:: WHAT IS NEEDED ::
Nothing but an exact repeat of the data, with pictures removed, belongs in the answer.

:: INFORMATION SUPPLIED ::
[Start of Attachment]
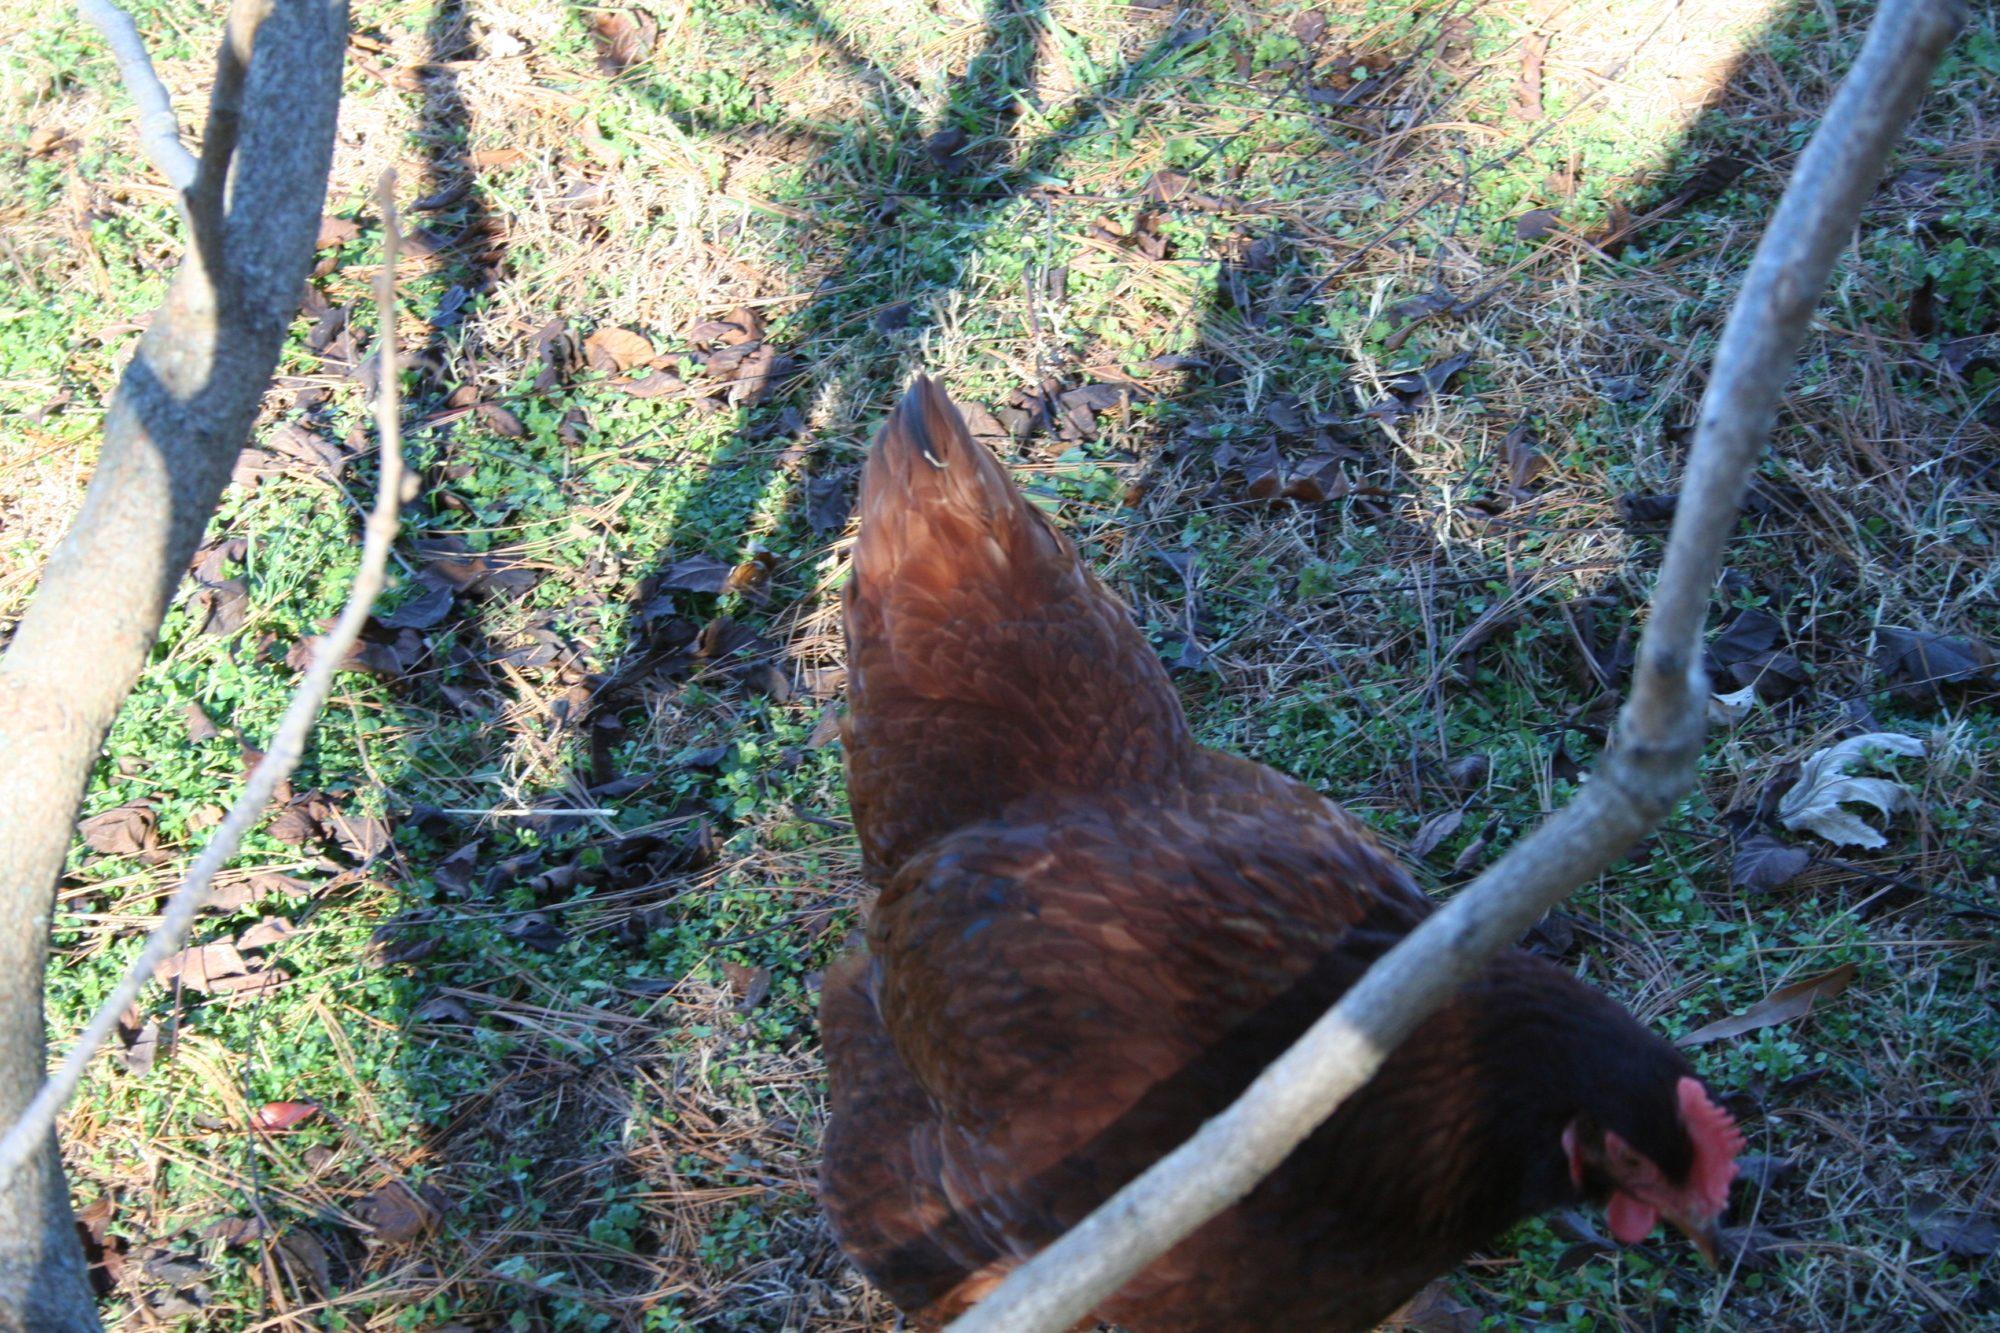 GertrudeLover01's photos in happy hen show
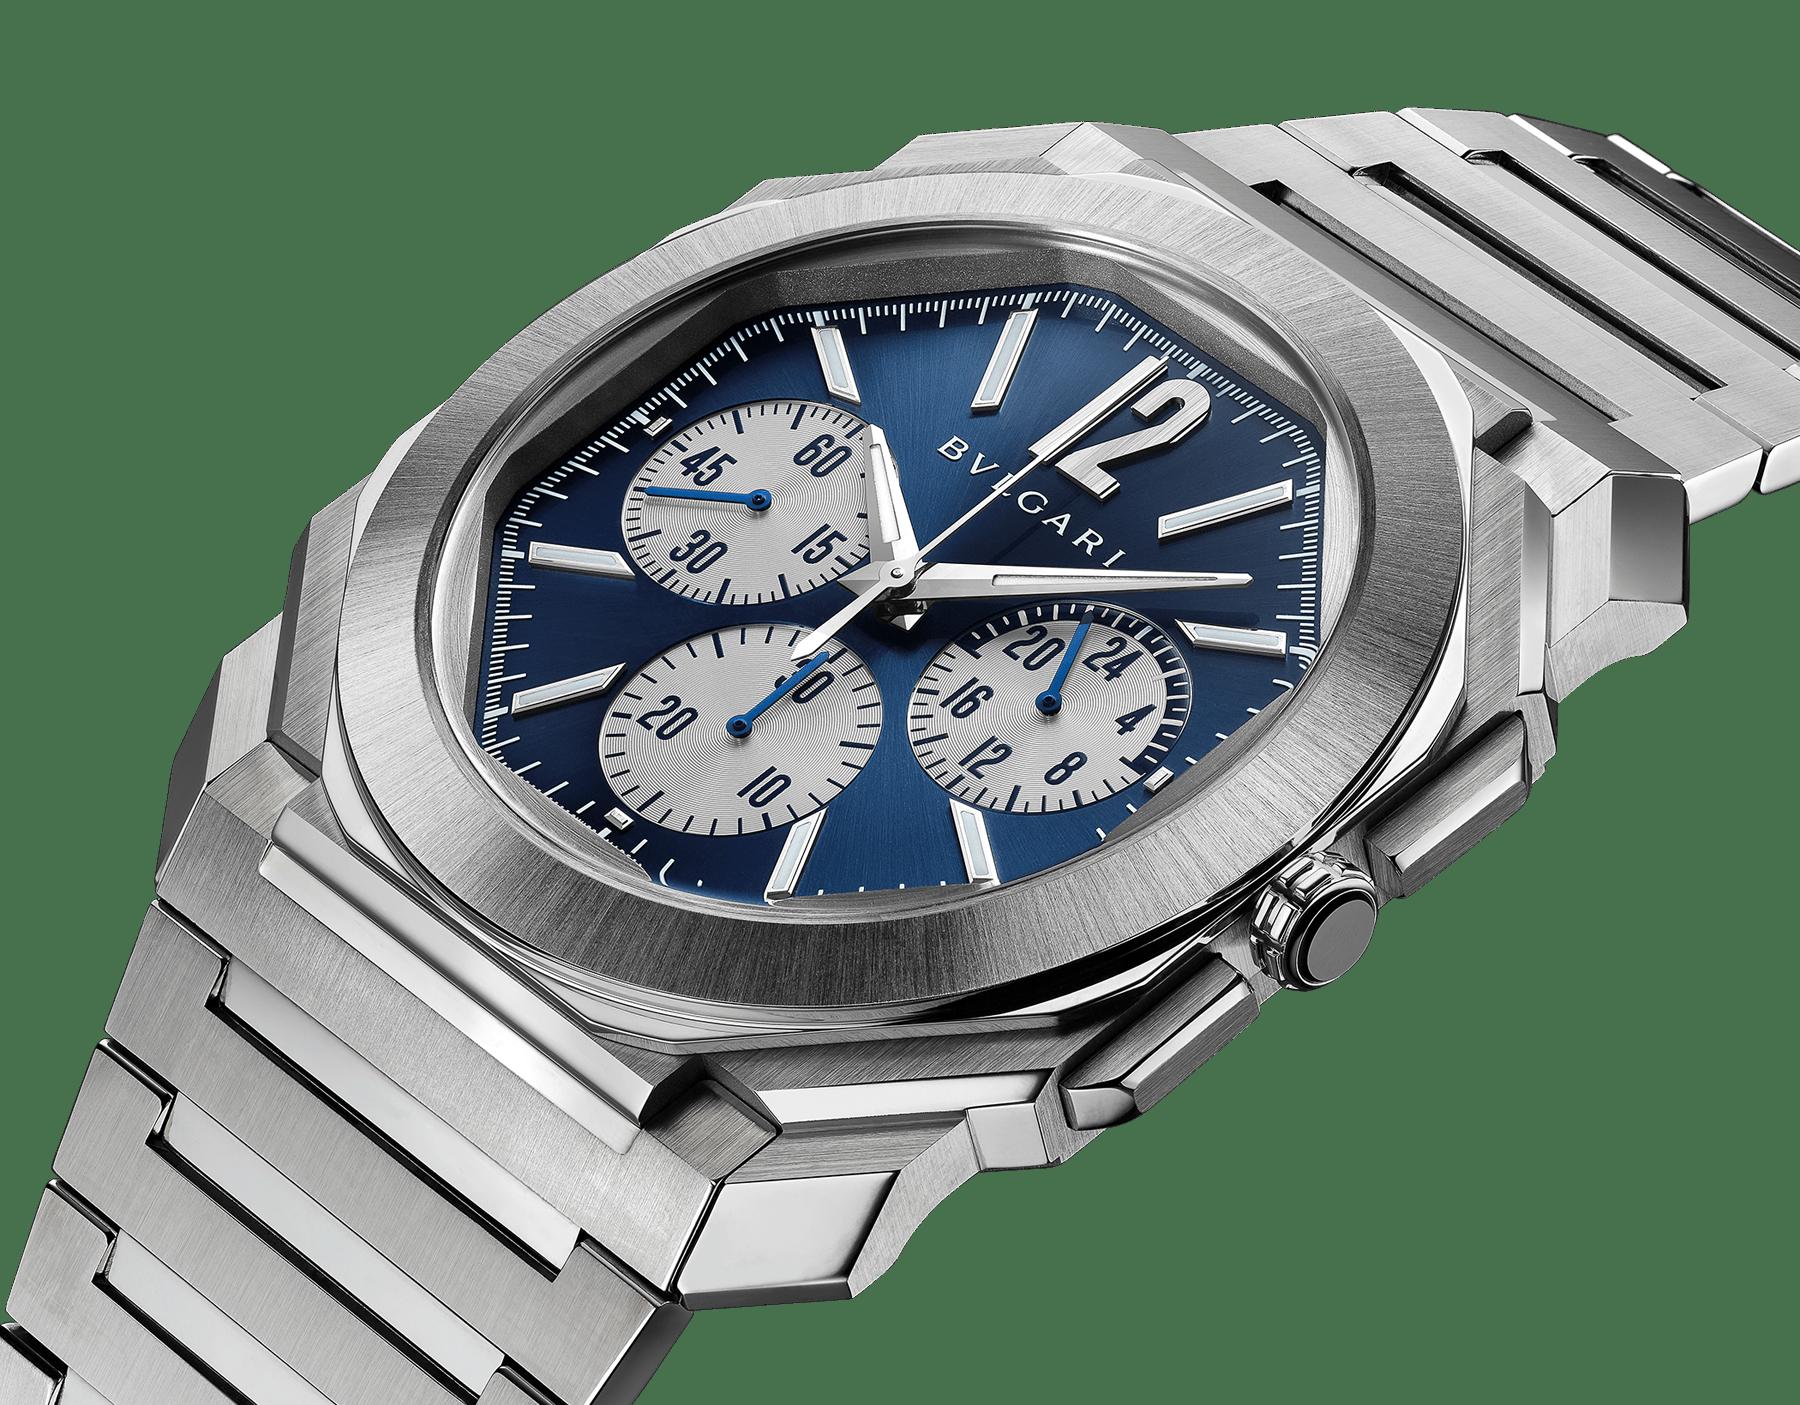 Chronographe OctoFinissimo GMT avec mouvement mécanique de manufacture à remontage automatique, fonctions chronographe et GMT 24heures, boîtier de 43mm en acier inoxydable (8,75mm d'épaisseur), fond transparent, cadran bleu avec finitions polies satinées et compteurs argentés, bracelet en acier inoxydable poli satiné. Étanche jusqu'à 100mètres. 103467 image 2
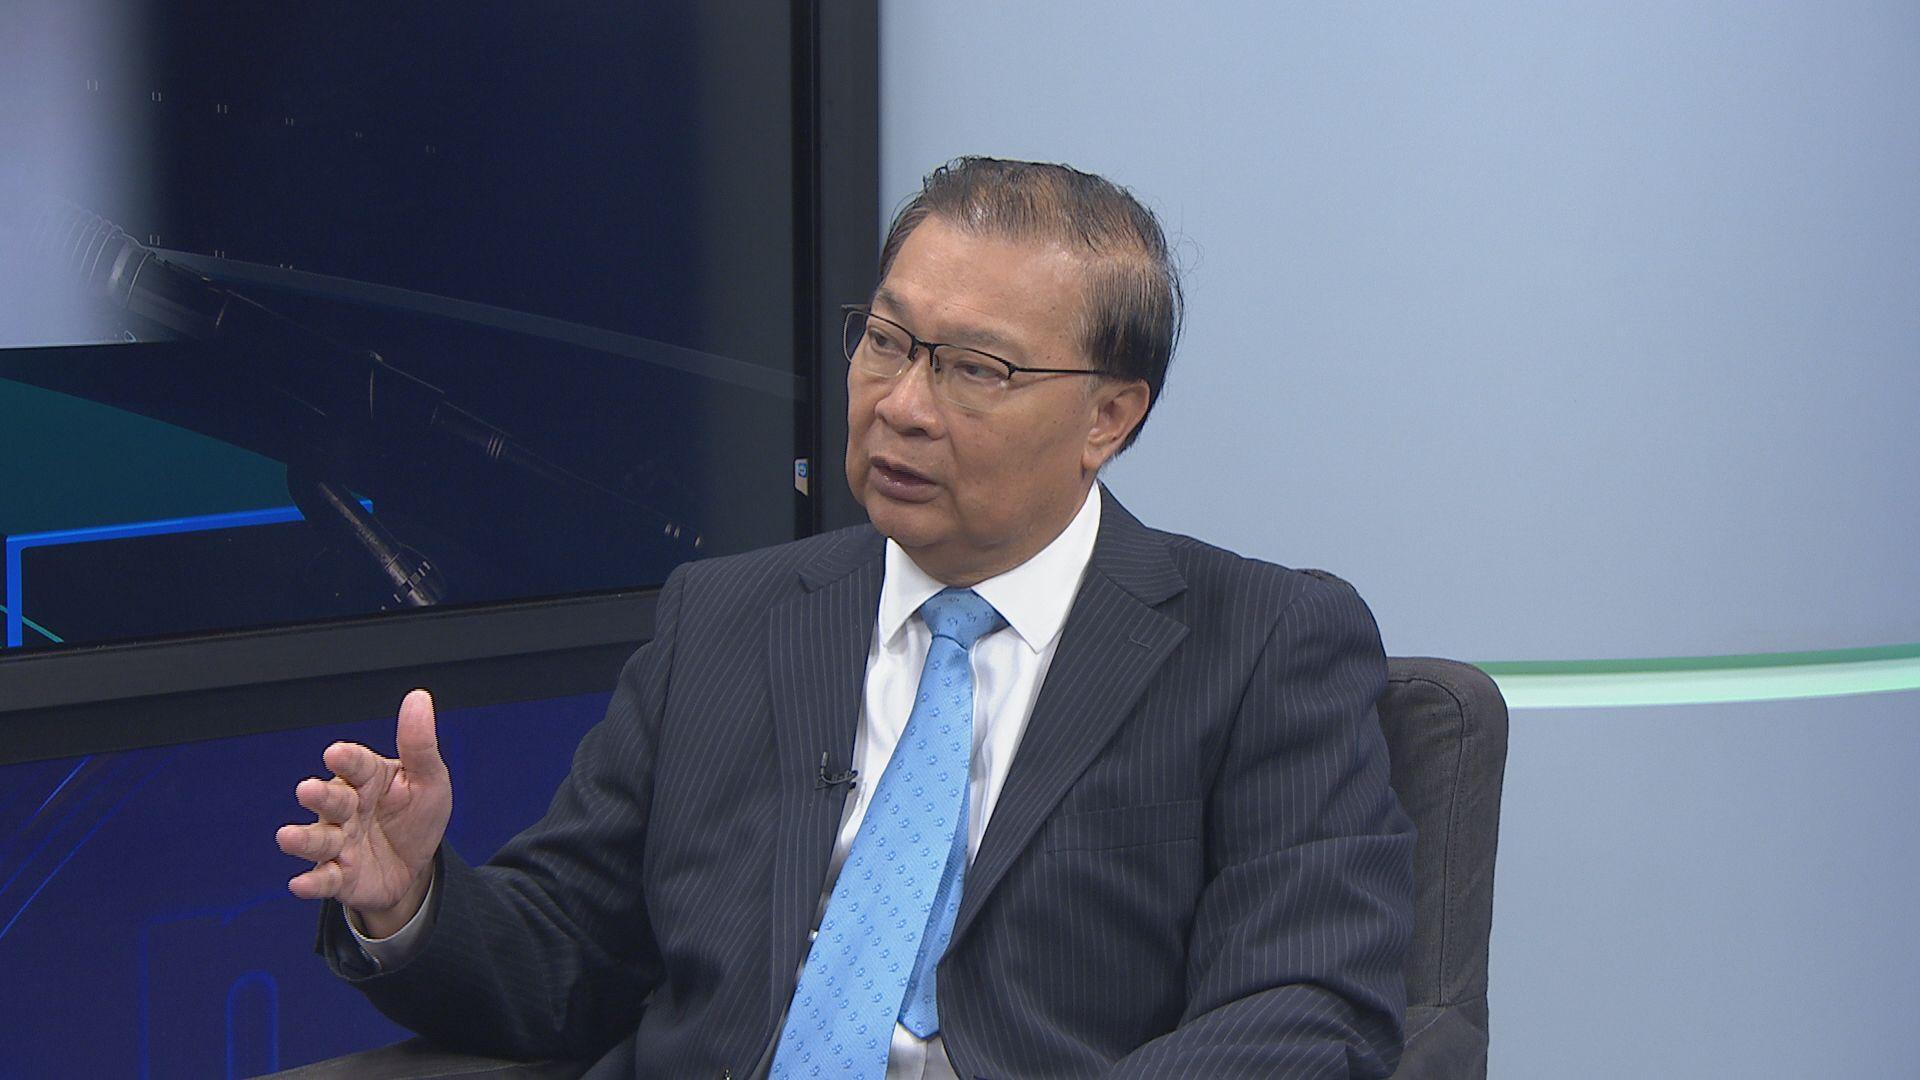 譚耀宗:爭取放寬內地港人稅務限制
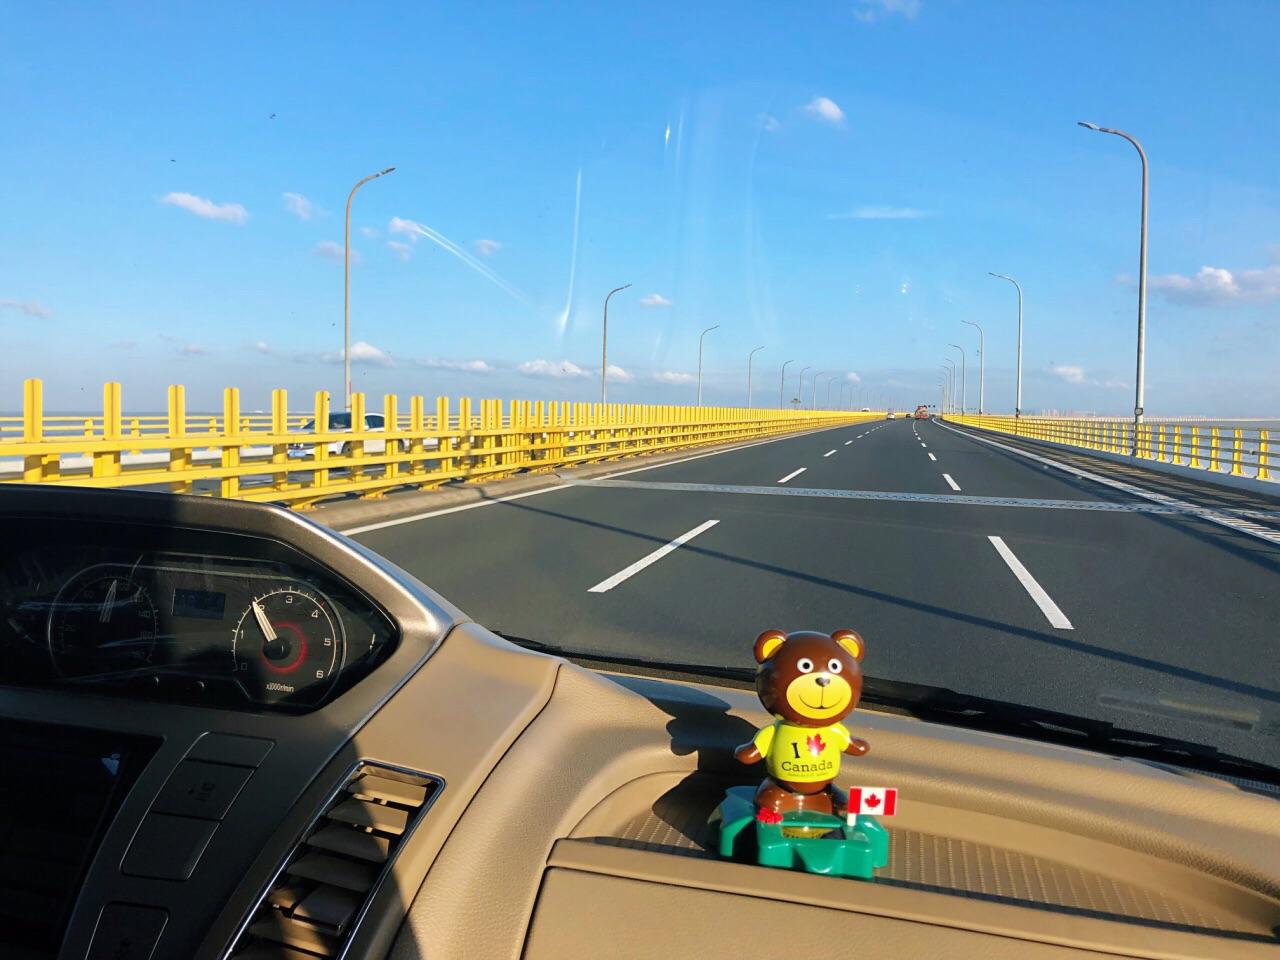 杭州湾v大桥大桥交通堵塞完美全关攻略图片
[End of Attachment]
:: SOLUTION ::
 GertrudeLover01's photos in happy hen show
 Chronographe OctoFinissimo GMT avec mouvement mécanique de manufacture à remontage automatique, fonctions chronographe et GMT 24heures, boîtier de 43mm en acier inoxydable (8,75mm d'épaisseur), fond transparent, cadran bleu avec finitions polies satinées et compteurs argentés, bracelet en acier inoxydable poli satiné. Étanche jusqu'à 100mètres. 103467 image 2
 譚耀宗:爭取放寬內地港人稅務限制
 杭州湾v大桥大桥交通堵塞完美全关攻略图片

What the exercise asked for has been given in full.